Antimalarial drug research often focuses on various protein targets within Plasmodium falciparum, which is the most common vector of malaria. These protein targets are critical to its survival, replication, and invasion of host cells. An ominous threat to controlling malaria is P. falciparum’s ability to adapt and develop resistance to antimalarial drugs. Drugs that were once effective in treating malaria can become ineffective over time, and new therapeutics are repeatedly necessary.

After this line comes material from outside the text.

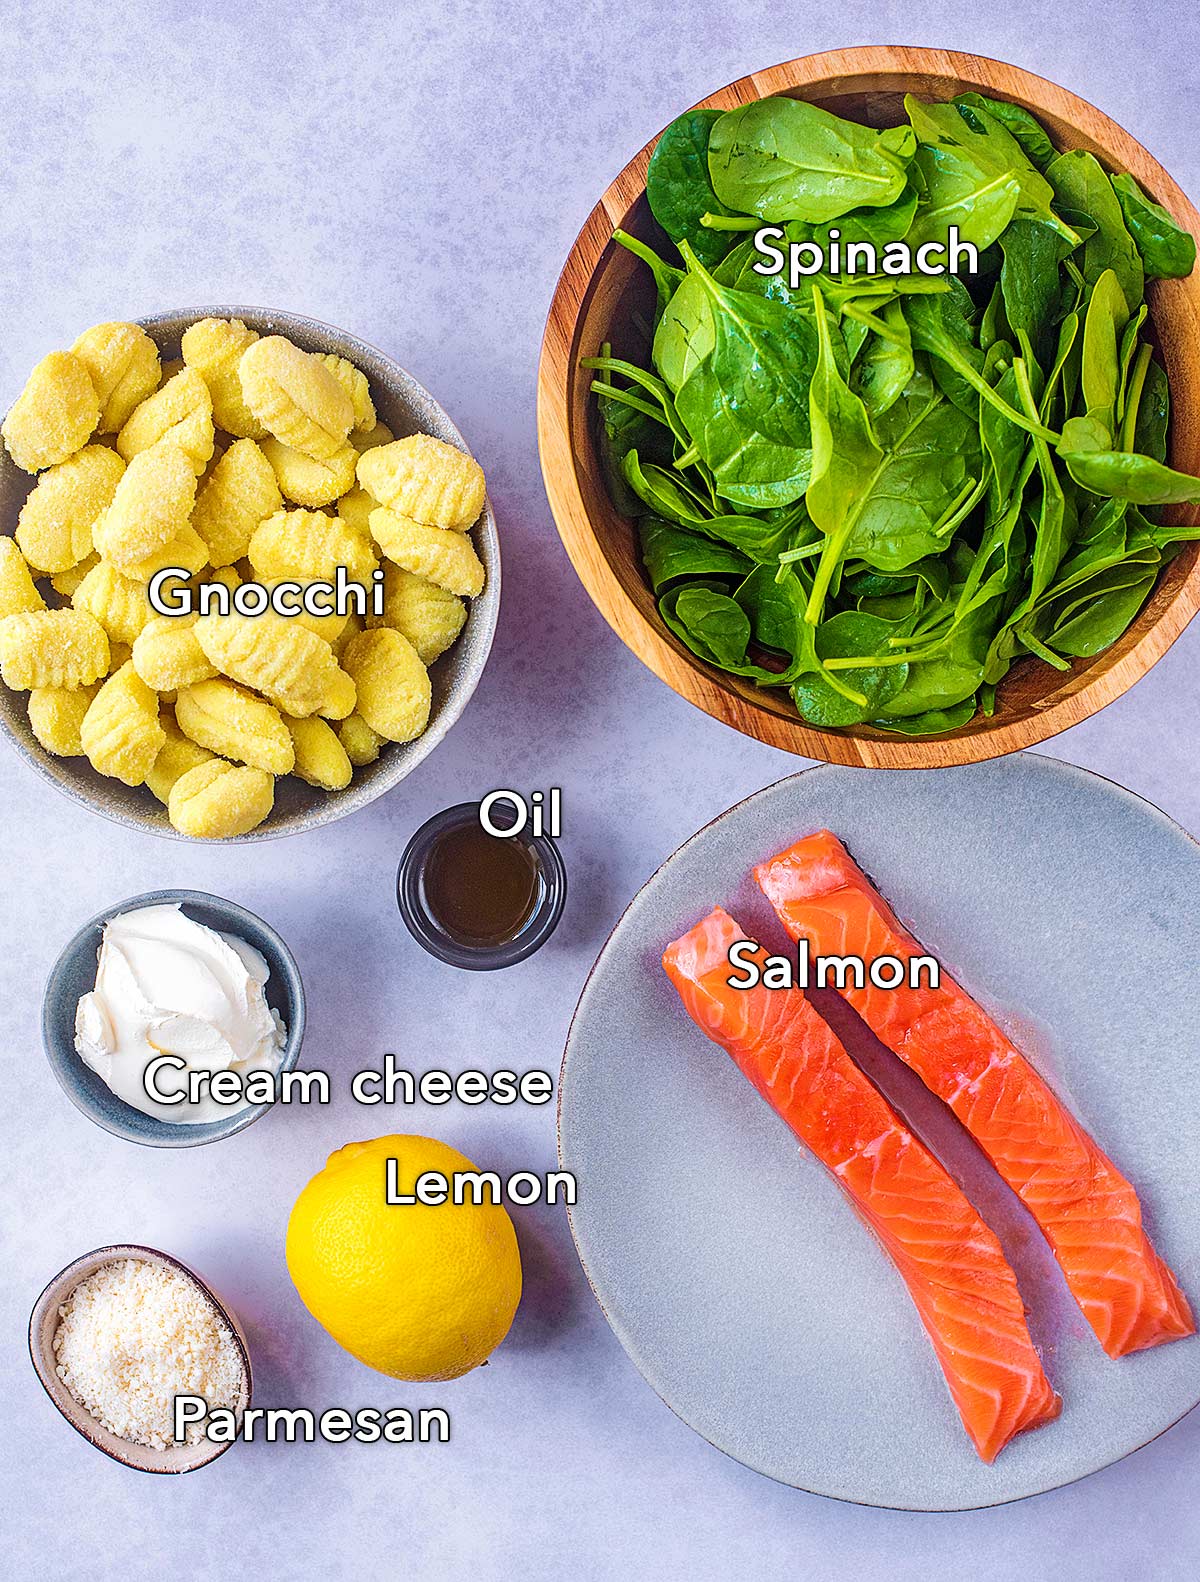 THe ingredients needed for this recipe with text overlay labels.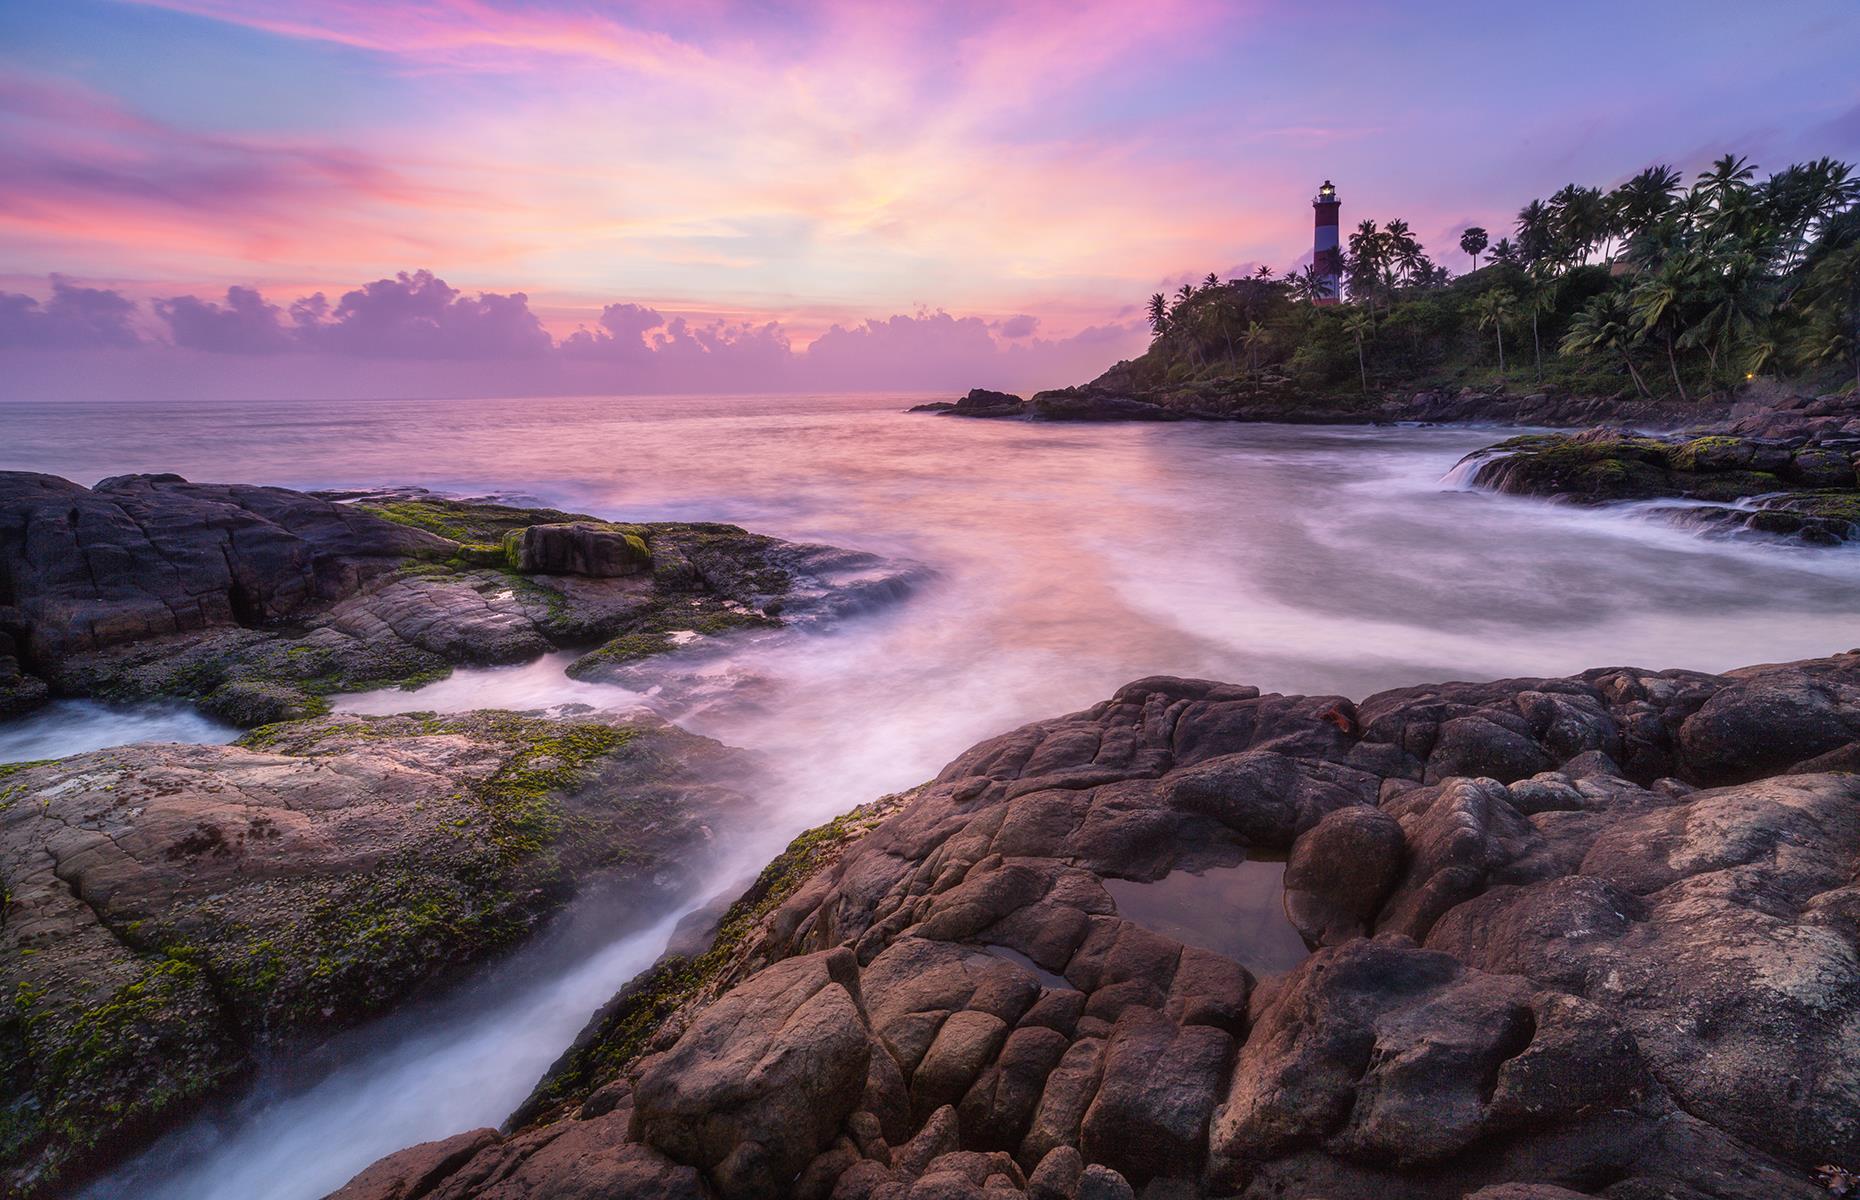 It might be one of Kerala's most developed resorts, but Kovalam is still stunning. The lighthouse looking out to the ocean is a particularly picturesque spot at sunset, and during the day you can try your hand at yoga, surfing on the bay's decent waves, or just sunning yourself on the yellow sands.

We will initiate a virtual screening campaign to identify antimalarial drug candidates, evoking recent successes for inspiration. We will begin with a sizable quantity of novel molecules and filter out substances that lack drug-like qualities or have detrimental properties, such as toxicity risk. To initiate the screen, we will start with a diverse range of >212K small molecules made available by PubChem from the SPECS repository, casting a wide net over chemical space. A key feature of SPECS is commercial availability – desirable compounds for downstream experiments are synthesizable and conveniently available for purchase. There are many other commercial vendors offering millions of compounds that meet a variety of characteristics and are purchasable, e.g., ChemBridge, eMolecules, Enamine, Life Chemicals, and Maybridge.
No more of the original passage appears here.